Sarah Ann, standing at her door, could now distinguish the figure of Richard Day, little Chris's father, filling up his own open doorway. The man had an injured leg, and his left knee bowed out at right angles from the other limb. His hard weather-beaten face was fringed with an iron-grey beard. He wore corduroys and a garment of the degenerated smock species.

Through the peephole left in the hollow of Richard's legs, peered a small face. Chris was barely two years old, but his nature was in quisitive. He had crawled unbidden from his little bed, and wearing only his night-shift, which he had considerably outgrown, he was discovering for himself the cause which kept his father staring at the door, and made his mother hide her head under her apron against the kitchen fire. His little warm hand slid out between his father's feet and essayed to lay hold on the wooden step of the door frame. But everything was coated with ice, and the tiny fingers failed to grip on. Unnoticed, Chris's head and shoulders now emerged beyond the paternal corduroys, and the venturesome hand explored further. One chubby knee protruded on the door step, and then Master Chris had practical experience of that which he desired to know. With a shriek that echoed to Sarah, and a fine flourish of prime pink limbs, the half-clothed baby slid from underneath his father's very nose, out over the door-step, and down the steep embankment which raised the frozen footpath above the ice-bound road.
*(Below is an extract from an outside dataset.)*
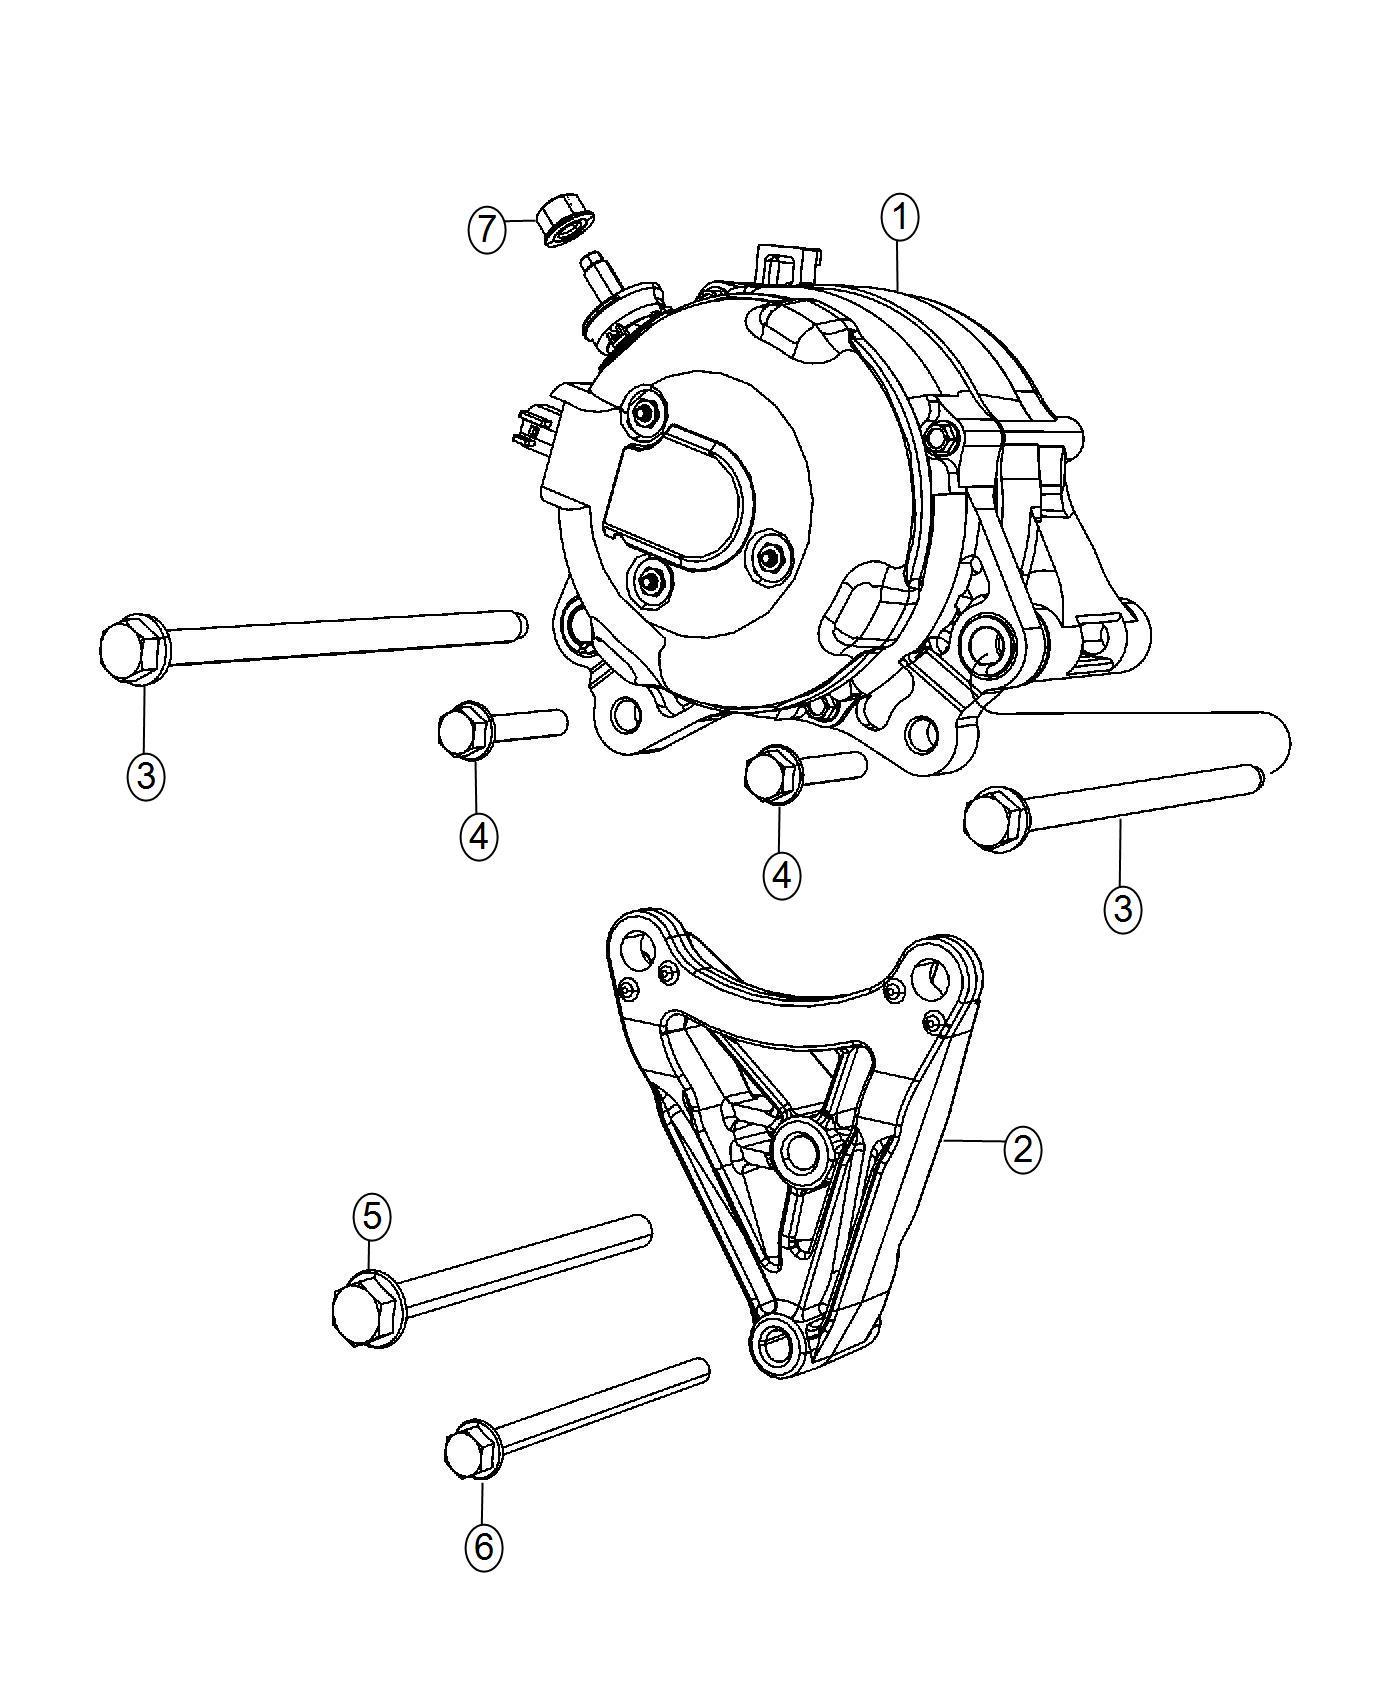 Jeep Wrangler Bracket Alternator Complete Chassis
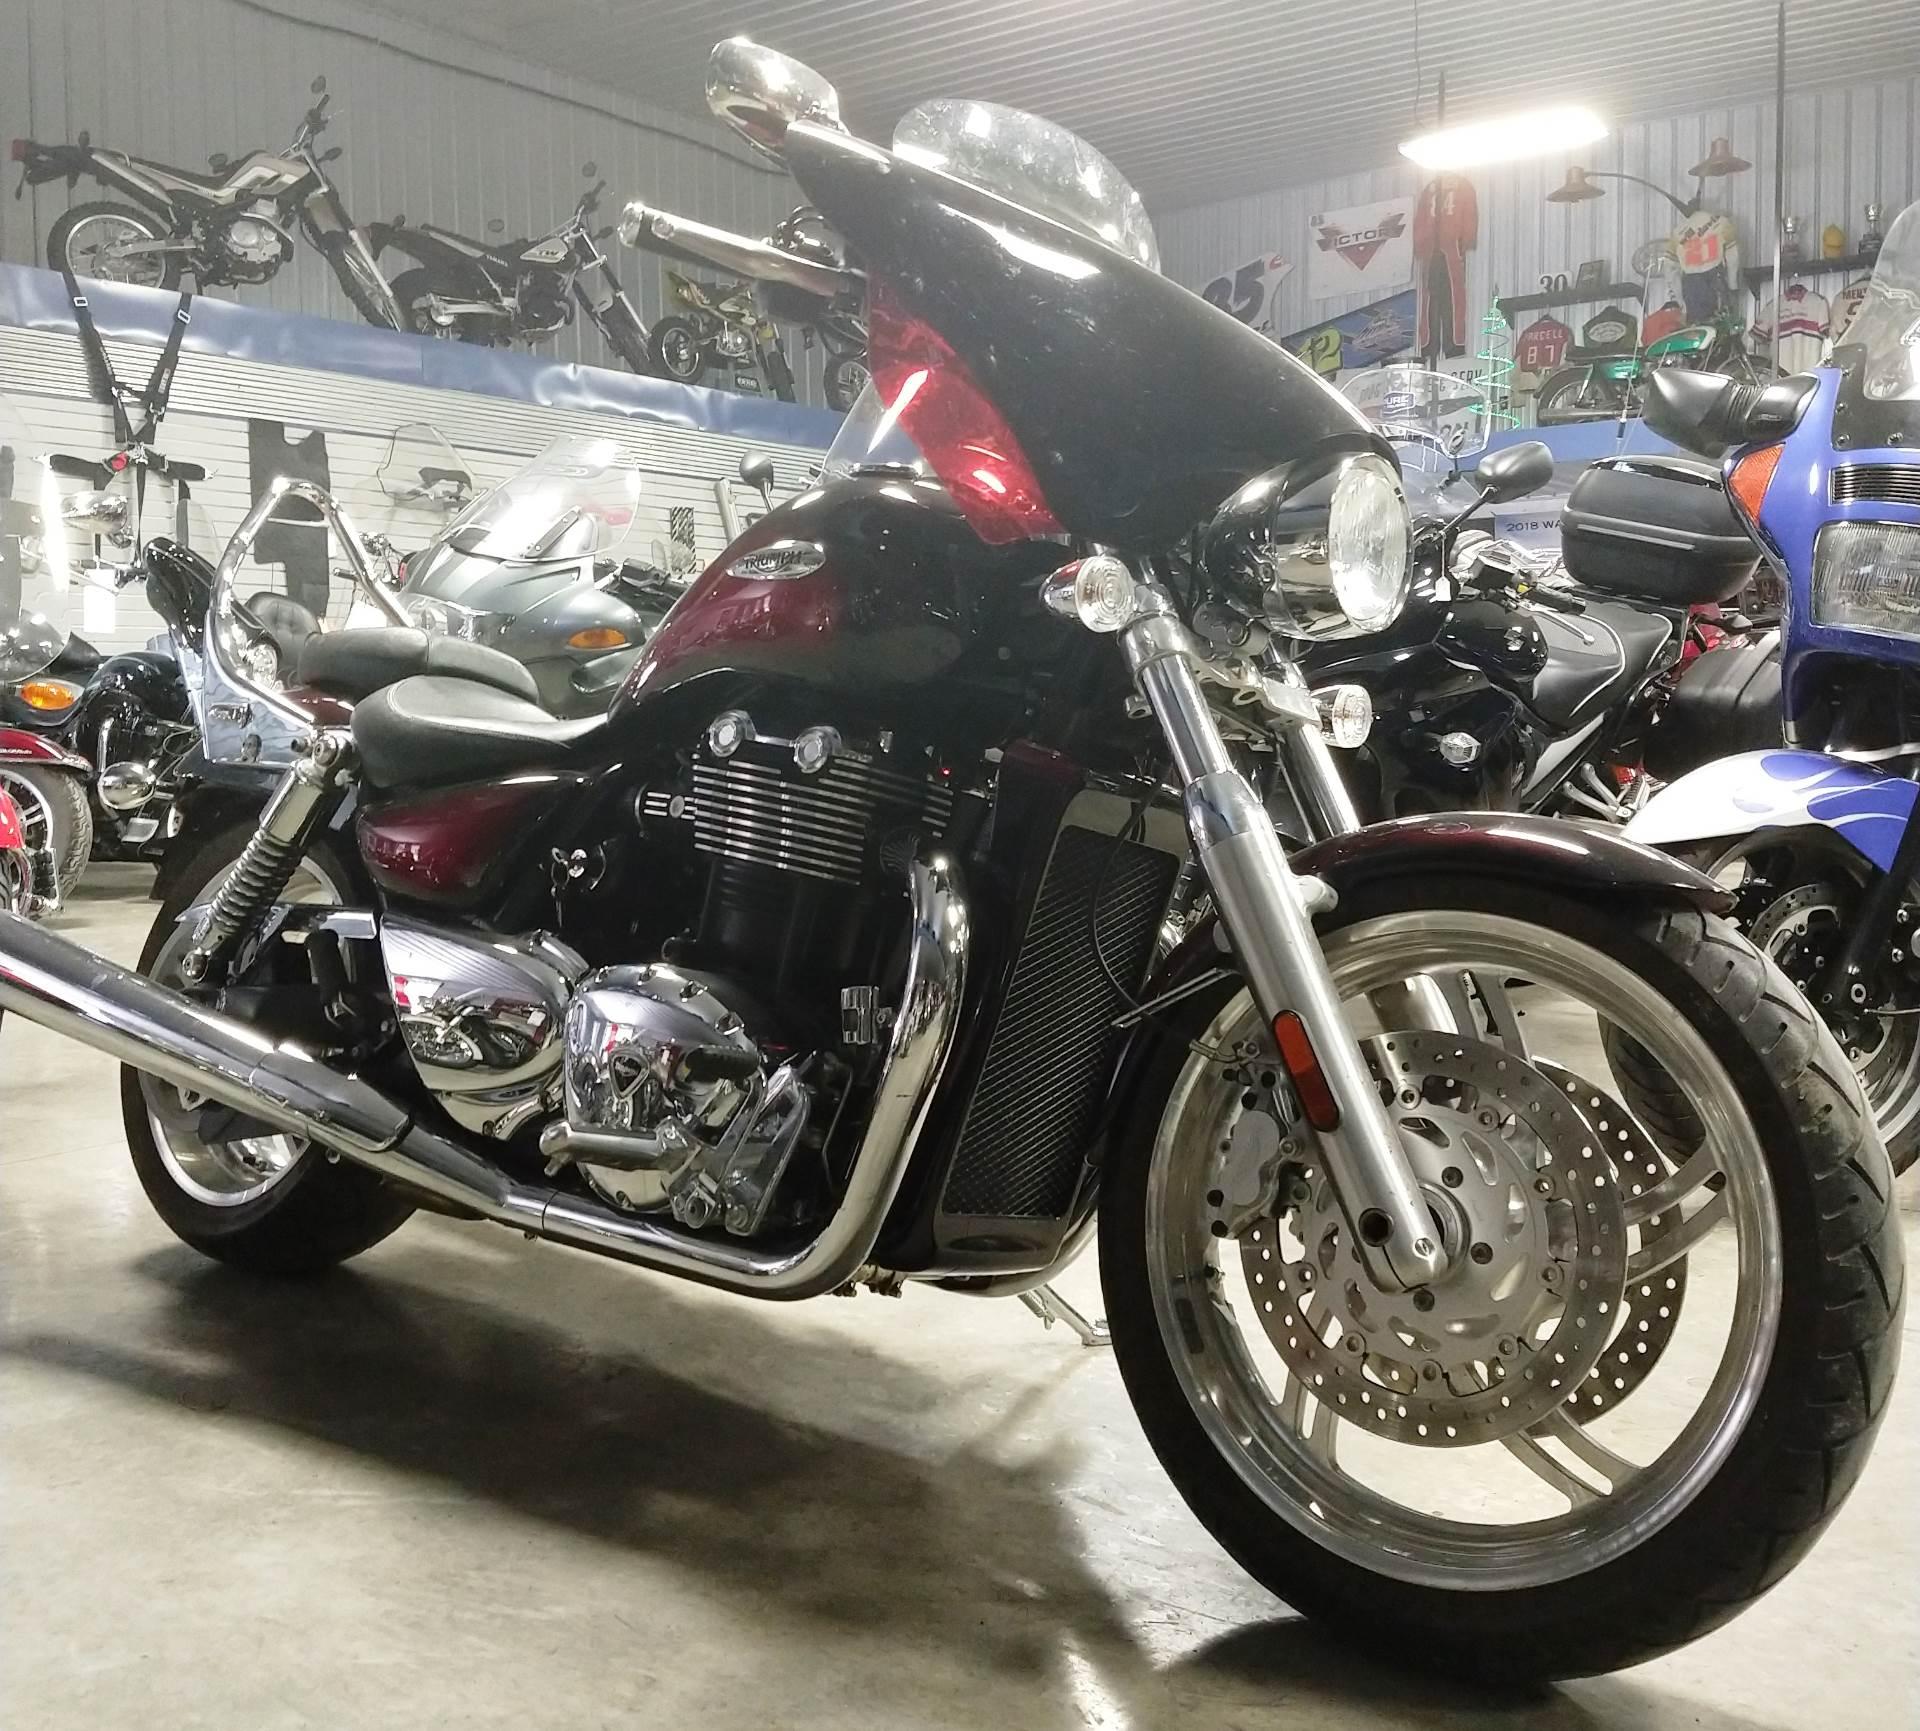 Used 2010 Triumph Thunderbird 1700 Motorcycles In Ottumwa Ia

It took Richard Day a minute-and-a-half to realise the situation, during which time Chris's screams and the shouts of laughter and dismay of the onlookers well-nigh drowned the tempest. Then the father slowly ejaculated: "My Lawks!" and turned to take counsel of his spouse.

The worthy couple were still consulting as to what means could possibly be employed to rescue their last born, to the accompaniment of his despairing howls, when Widow Black from next door, scattering cinders from the shovel she held. before her, and clinging with her claw-like fingers to the cottage walls, joined the conclave.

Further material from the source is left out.